Our walk usually ends at St. Peter’s church, the oldest Catholic church in New York City, on the corner of Church and Barclay Streets, a block away from the World Trade Center. The church was dedicated November 4, 1786, three years after British troops evacuated the city at the end of the Revolutionary War and it’s been there as an active parish every since.

Previously, New York City was under Dutch and British rule for almost 150 years. During that time the city was strongly anti-Catholic, with laws calling for any Catholic priest who came there to be jailed. Catholic worship was forbidden; there were no Catholic churches.

Even after the Revolutionary War, despite their support for the American cause, Catholics were looked down upon in New York City. There were only a few hundred in a population of almost 20,000. Being a Catholic didn’t get you far in New York in those days.

So how did that church get built? Well, there were some foreign diplomats from France and Spain and Portugal in the city then. New York was the nation’s capital at that time. (1785-1790)

There were a couple of well-to-do Catholic businessmen, but most of the Catholics that formed St. Peter’s were poor Irish and German immigrants and French refugees and slaves from the recent revolution in Haiti.
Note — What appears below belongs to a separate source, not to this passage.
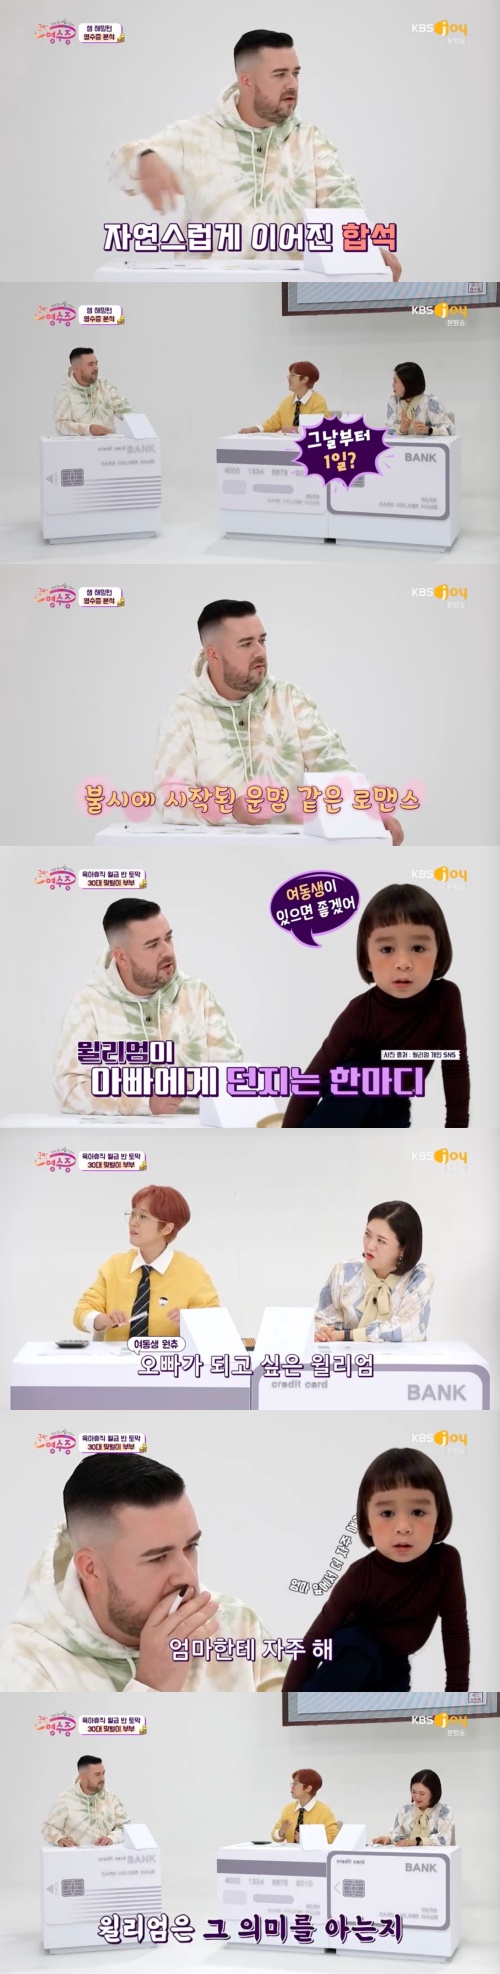 The comedian Young Jin Park won the 20 million won Lottery ticket, which Song Eun-yi Gifted.On the afternoon of the 12th, KBS Joy National Receipt depicted Song Eun-yi, Kim Sook, and Young Jin Park analyzing Sam Hammingtons Receipt.The peoples receipt Sam Hammington asked the secret of money management as a 9-year-old married couple, saying, All the money management is done by my wife. My wife does Korean money, and I do the India book related to the Netherlands.There is a little wealth in the Netherlands, he replied. There is no emergency money? And a smile.National Receipt Sam Hammington also revealed the percentage of incomes for himself and his two sons, William III of England, Bentley Motors Limited.Sam Hammington asked, Wheres the more profitable side? and said, Its about 6:4 - the kids are 6, Im 4.It seems to be changing when I take a lot of advertisements. He boasted of the Wilbenzers, which became an advertising blue chip.In particular, Sam Hammington said he was stunned about the cost of child support for William III of England, Bentley Motors Limited, and said: There is a lot of education costs going into it.Our kids are trying to learn from ice hockey to bikes and skateboards, coming to us and saying, I want to learn piano.I can not refuse because I have the money they earn. National Receipt Sam Hammingtons family name is I need to save more. Sam Hammington said, I dream of my home in Korea. Is it possible?, and Confessions said why he appeared on the National Receipt.So what is Sam Hammingtons Dream House? Sam Hammington said: Its a single house with Madang.When I live in Apartment, the most sorry thing for my children is to live with the word dont run all day long. I want to live without worrying about the noise between floors in the house where Madang is.Later, if you hand over the house to the children, you can divide it 5:5. Also, National Receipt Sam Hammington said, I ask you every time I go out on the air. I hope you dont talk about the Netherlands.Netherlands have no idea whats going on now, I dont deserve to speak, he added, making the scene furious.National Receipt Song Eun-yi, Kim Sook, and Young Jin Park are analyzing Sam Hammingtons Receipt, and they are also interested in the fact that collecting sports cards is a hobby.Sam Hammington said: Its a variety of movies, animations and more; it was first purchased when I was a kid in the 1990s.I started to collect it again after my acquaintance, he said. Does the price of sports cards go up like stocks? Michael Jordans sign card is billions of units.Nowadays, the players also come and go in a billion units. Sam Hammington later boasted that he had acquired a Kyler head card, saying: My grandmother is Korean, a very good friend in the football world, a card with only 25 cards in World.If a more famous player came out, he might have cried, but the future value is unpredictable because it contains the sign. In addition, Sam Hammington released 35 cards and 20 cards in World, or released a sports card with Blood Diamond, which made the house theater shake.Sam Hammington said of the Blood Diamond card price, Recently, it is from 3 million won to 10 million won.National Receipt Sam Hammington also confessed his shoe-gathering hobby with sports cards; Sam Hammington said: Im interested in shoes, I think Ive spent the most money so far.I collected up to 100 pairs when I had a lot of time, he said. I often wear it in front of me to get out quickly because I move with my children. National Receipt Sam Hammington recalled the first moment he met his wife, who said: I met while drinking in Itaewon.At the next table, my wife asked me Where did you come from to English language and I said fit it in Korean.After that, I joined naturally and I started dating next time. In particular, Sam Hammington said, There is a romance for my daughter, and William III of England sometimes comes and says, I wish I had a sister.So, in a whisper to William III of England, he said, Telling my dad doesnt work, do it often to my mom.William III of England then told his mother that he wanted to have a sister. In the meantime, Young Jin Park scratched a Gifted Lottery ticket by Song Eun-yi in the Money Debate of the National Receipt and said, I think its me., and devastated the studio; in fact, Young Jin Park was surprised to see the lucky number 1 while scratching the Lottery ticket for 20 million won.Young Jin Park said, Friend answered 50% to the question How much should I divide into percentage if Lottery ticket is won?So Song Eun-yi said, I have to give me 10 million won, I promise. Kim Sook said, Lets share it.Young Jin Park, a national reciprocal, also sent a video letter to his wife, saying, Prepare for the open run.But this was a secret camera prepared by Song Eun-yi.Song Eun-yi said, It was a National Receipt squid game that can see your psychology and bottom so far. Kim Sook said, Is it real fake?I will donate when I win, Young Jin Park said.In addition, Young Jin Park said, The back is a little crude, and looked at the Lottery ticket and said, I was really surprised when I won.I thought it was heartbreaking, she told the behind-the-scenes story.Finally, Young Jin Park said, What was your feelings when you told Song Eun-yi that you had to give him 10 million won? He replied, Of course I should give it to you.On the other hand, KBS Joy National Receipt is an Indian entertainment program that provides analysis and customized solutions to the representative of the entertainment industry and the Indian Advisory Committee by receiving the clients Receipt.KBS Joy National Receipt

Not a good mix of people to form a parish, you might think. This new congregation, besides facing the anti-Catholic attitude of New Yorkers, was poor and getting poorer as new Catholic immigrants poured into New York from Europe. Its priests weren’t the best either. They seemed to be always squabbling among themselves. There were some scandals among them. The laypeople were also divided among themselves. There were factions that wanted to run the parish their way or no way. There wasn’t a bishop in the country at the time to straighten things out.

So what kept it going? The other day we celebrated the Feast for the Dedication of the Church of St. John Lateran in Rome. The liturgy for that feast offers some wonderful insights into what a church and a parish should be. “My house is a house of prayer,” Jesus says. This church is not a social hall; it’s a place where we meet God and God meets us. It’s a place where we are welcomed on our way through life by a living water that restores us and helps us grow. ( Ezekiel 47.1-12) It’s is a place where we remember our mission in this world: we’re builders of the City of God, living stones that together form the temple of God. ( 1 Corinthians 3, 9-17) It’s is a place of communion, where we commune with God and God with us.

The readings for the feast say a church is a place of welcome. It’s where the lost sheep find their way home. It’s where people like Zacchaeus, the tax collector mentioned in St. Luke’s gospel, find new hope for their lives. It’s is a place of sacraments, where infants are blessed, where marriages begin, where we put our dead in the hands of God who promises eternal life.

What keeps a church and a parish going is its spiritual life, its life of prayer, its life of ministry.

Whenever I go to St. Peter’s Church on Barley Street I point out two markers at its entrance. One says that St. Elizabeth Seton, the first native born American saint, was received into the Catholic Church here in 1806. She had been a member of a prominent Anglican church just down the street, Trinity Church, but came to St. Peter’s drawn by her faith in the Mass and the Blessed Sacrament. Socially, it was step down for her. Spiritually, she found a home here in this struggling, messy parish of poor immigrants.

The other marker recalls Pierre Toussaint, a Haitian slave who was also a member of this church in colonial times. He became a famous New York hair-dresser and was welcomed into the homes of elite members of New York society for over 50 years. For 50 years he came to Mass every morning at St. Peter’s. He’s buried in the crypt at St. Patrick’s Cathedral and in being proposed for canonization today.

The church is not a place of brick and stone. It’s a place for people, holy people, to meet God and one another.  They make the church.